| INFORMATION SUPPLIED |
#####

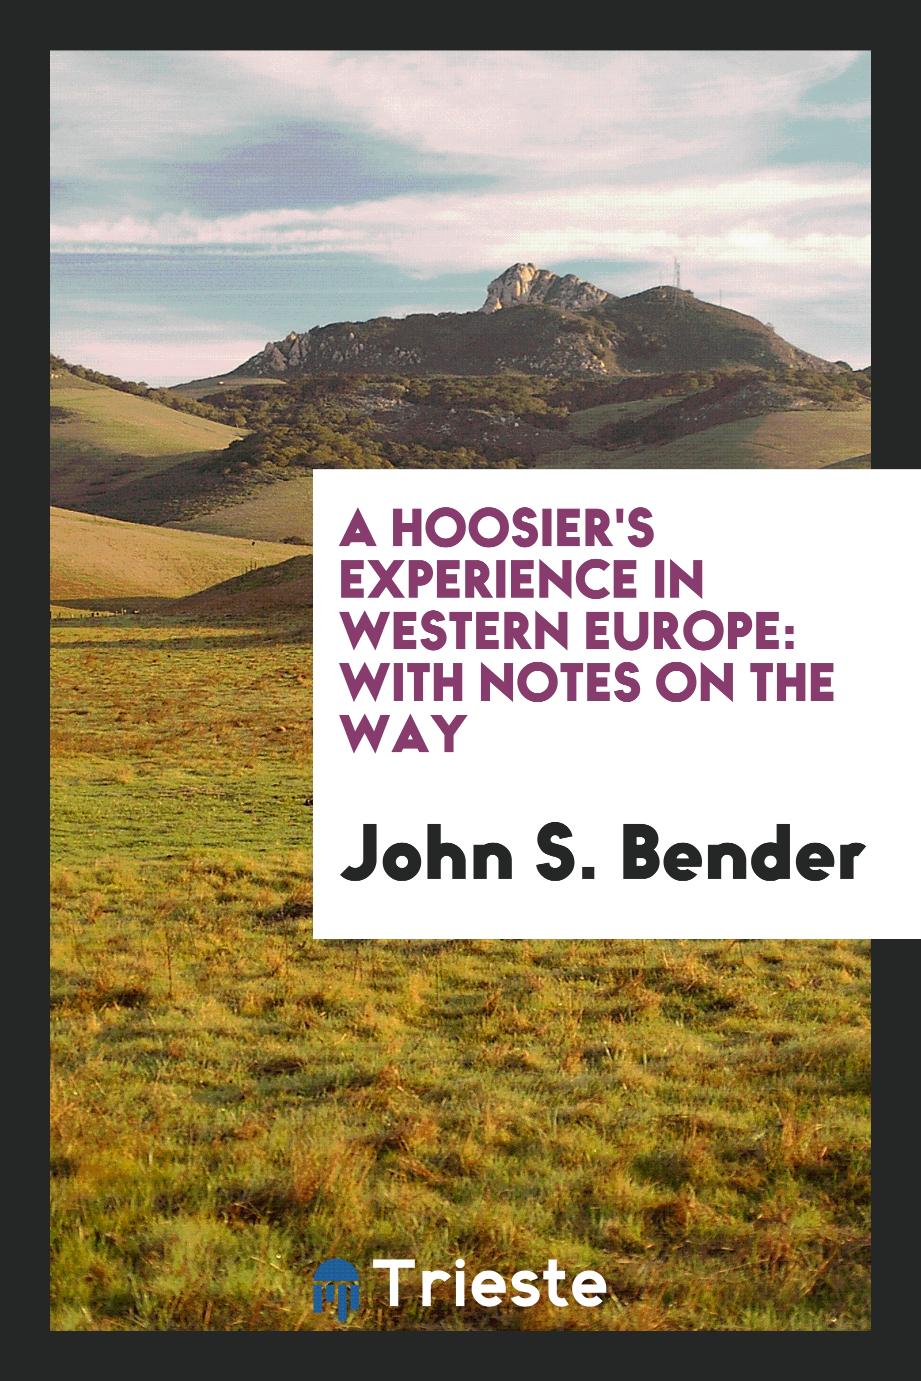 A Hoosier's experience in western Europe: with notes on the way
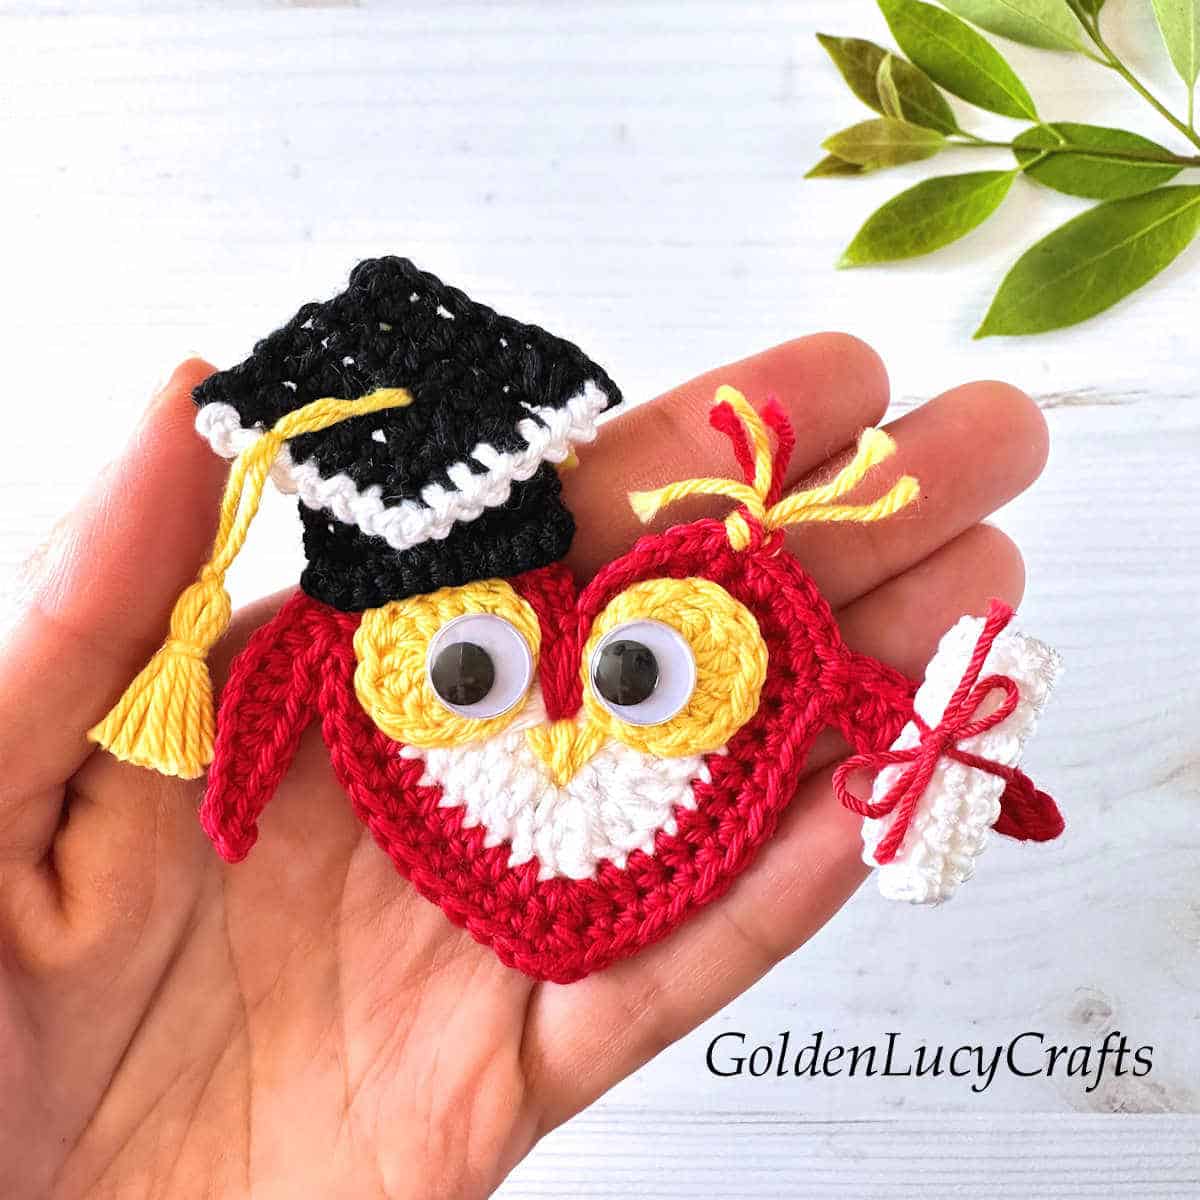 Crochet graduation owl in the palm of a hand.
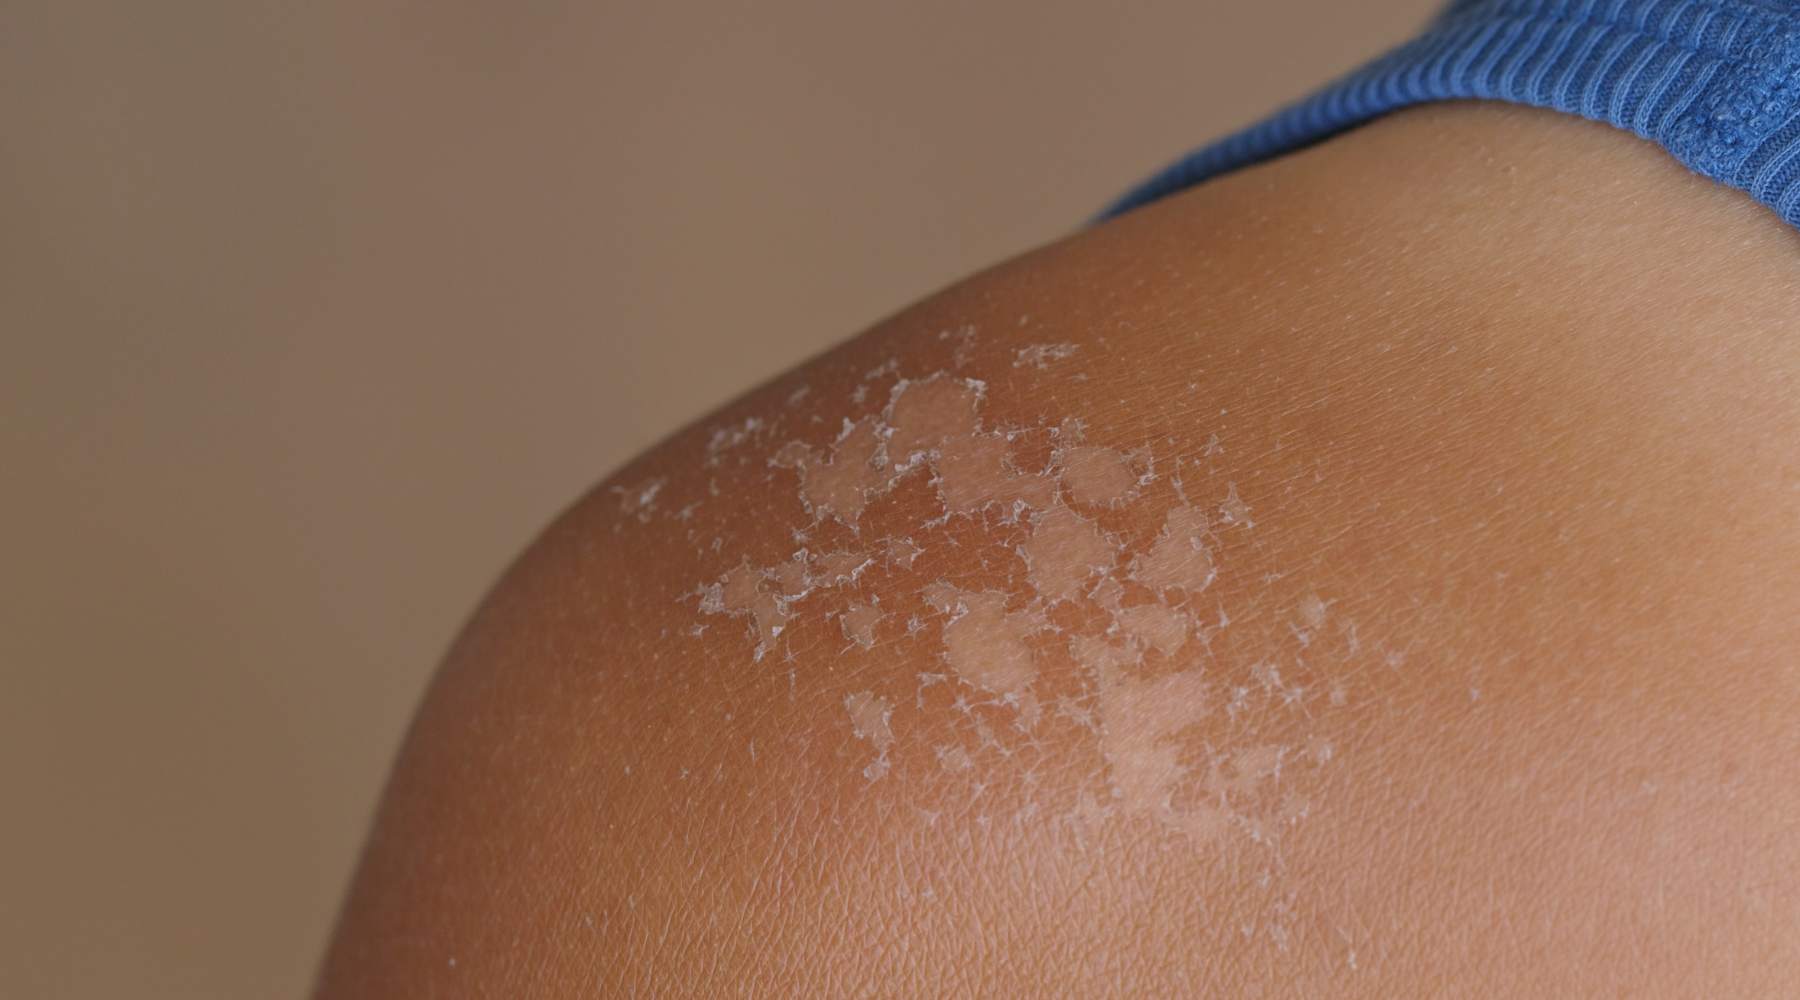 Sunburned shoulder with sun blisters—How to get rid of sun blisters
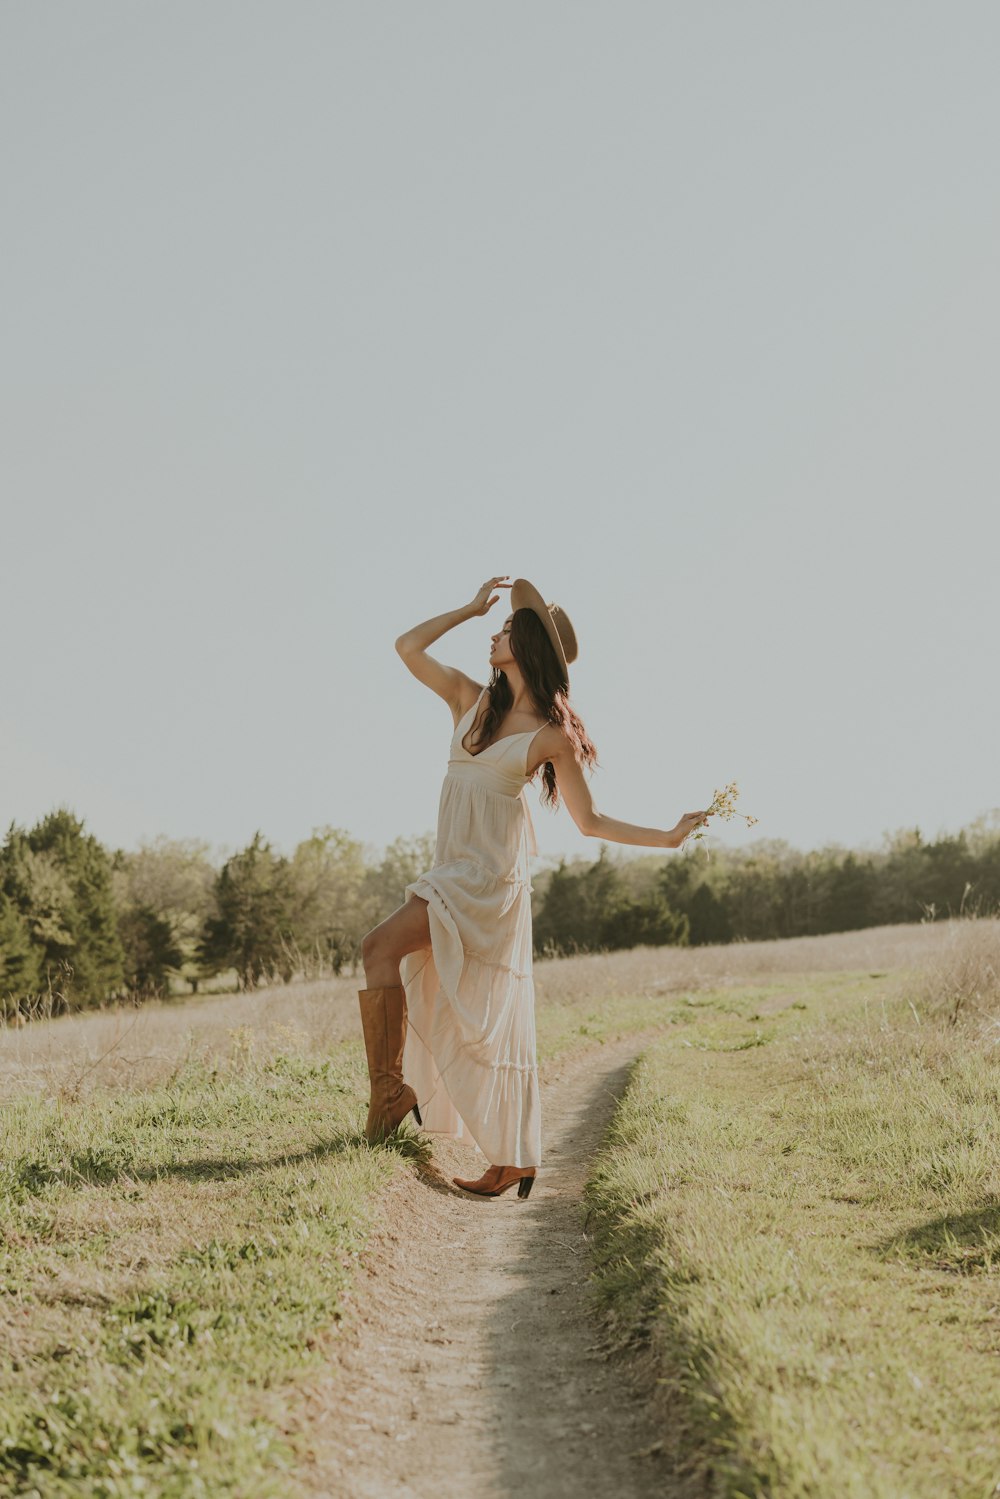 a woman in a white dress and cowboy hat dancing on a dirt road

#####

| WHAT THE TASK REQUIRES |
The answer must consist solely of the lines from the one with "Sunburned shoulder with" through the final line of the data, each reproduced exactly and with pictures omitted.

| PROBLEM SOLUTION |
 Sunburned shoulder with sun blisters—How to get rid of sun blisters
 a woman in a white dress and cowboy hat dancing on a dirt road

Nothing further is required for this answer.